Characteristics of the Catalan language in AX Semantics

Fundamentals

In Catalan, you need to know the number and gender of a noun to form the accompanying adjectives, determiners, numerals, and pronouns correctly.

Catalan has two genders for nouns: masculine and feminine. There are also two numbers: singular and plural. Additionally, Catalan has only one case for nouns, but three cases for pronouns.

grammatical namevaluesexamples
numbersingularun cotxe vell
(one old car)
pluralcinc cotxes vells
(five old cars)
gendermasculinemetge vell
(old doctor)
femininedona vella
(old woman)
case (noun)nominativeel gos (the dog)
case (pronoun)nominativeMario construeix una casa. Ell construeix una casa.
(Mario builds a house. He builds a house.)
accusativeMarío construeix una casa. Marío la construeix.
(Mario builds a house. Mario builds it.)
dativeLa Maria regala un llibre a Luigi. La Maria li regala un llibre.
(Maria gives Luigi a book. Maria gives him a book.)
adjectives (noun)after noununa poma vermella
(a red apple)
before noununa bona poma
(a good apple)
verb tensespresentell canta
(he sings)
past (imperfect)ell cantava
(he sang)
futureell cantarà
(he will sing)

The standard order of a noun phrase in Catalan is the following: preposition + determiner + numeral + noun + adjective. See for example:

sobre   aquests tres    cantants populars   
about   these   three   singers  popular
PREP    DET     NUM     NOUN     ADJ
"about these three popular singers"

Lexicon

Nouns

Catalan nouns are inflected for number. When the lexicon entry is missing, the NLG platform will try to find the most probable gender based on heuristics.

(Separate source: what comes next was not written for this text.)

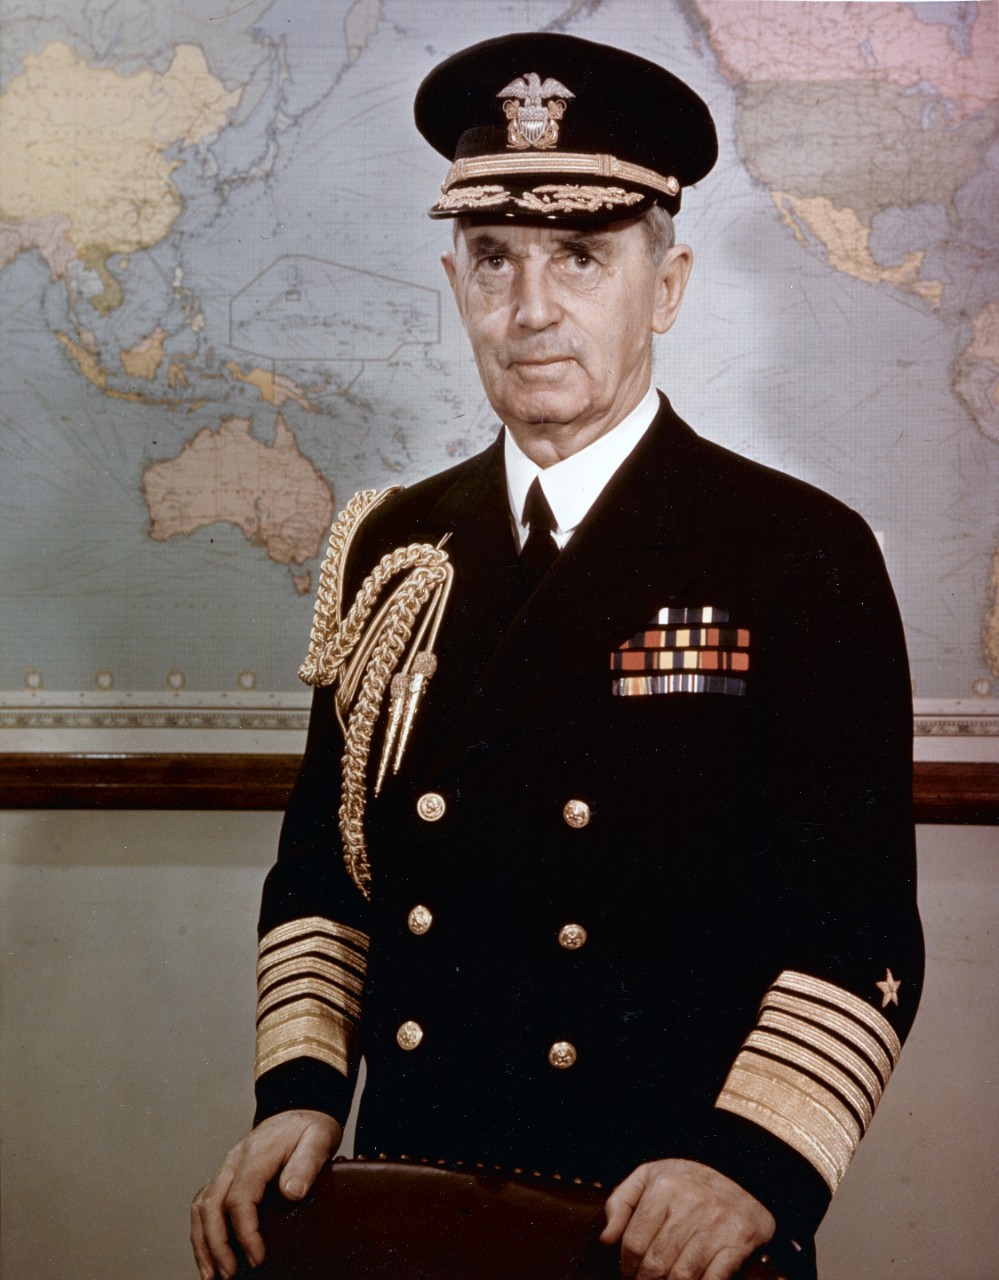 Photo #: 80-G-K-14447 Fleet Admiral William D. Leahy, USN, Chief of Staff to the President and Senior Member of the Joint Chiefs of Staff

However, nouns should be added to the lexicon with their grammatical gender if they do not inflect regularly.

Lexicon entries for nouns may also be necessary for inflecting determiners, adjectives, numerals, and pronouns correctly. They are omitted, if a lexicon entry is required, but missing.

Examples

The basic lexicon entry for pare (father) contains:

  • gender: masculine
  • inflection table for case and number:
SingularPlural
Nominativeparepares

Adjectives

In the lexicon, the inflection table encodes number and gender. For adjective position, the default is "after noun".

Verbs

Catalan verbs inflect for person, number, and tense. The most common verbs are encoded in our software. If a verb inflects incorrectly, you should add it to the lexicon.

Container settings

Determiner

The AX NLG platform supports the following determiners for Catalan: definite, indefinite, demonstratives (proximal + distal), and possessives.

Numerals

The noun will automatically agree with the numeral number when a numeral variable is used. Four types of numerals are possible on the AX NLG platform: cardinal, cardinal as digit, ordinal, and ordinal as digit.

cardinalordinal
textnou dies
(nine days)
el novè dia
(the ninth day)
digit9 dies
(9 days)
el 9è dia
(the 9th day)

For Catalan, both cardinal and ordinal numerals are written out until 20, otherwise (above 20) the output is in digit form. For example:

vint cotxes
(twenty cars)
21 cotxes
(21 cars)

Preposition and Determiner: contraction

If users configure prepositions in the container, they are automatically adapted, if phonetic assimilation needs to happen.

"al" is a contraction of the preposition "a" (to) and the definite article "el" (the). For example:

"Vull anar al parc." 
(I want to go to the park.)

Determiner Switch

Determiners can be switched according to lexicon information. If there are definite determiners (e.g., for country names) for a noun phrase, they will be activated for the container. For the first example, the default for determiner is used: None (no article). The container setting is: determiner="None", and case="nominative".

Viatgen a Alemanya.
(They travel to Germany.)

As for the second example, the container settings for Països Baixos (Netherlands) are still: determiner="None" and case="nominative", but determiner switch is set in its lexicon information.

Viatgen als Països Baixos.
(They travel to the Netherlands.)

Thus, a determiner switches from none to definite. Then, the definite determiner automatically contracted with preposition, so it becomes als.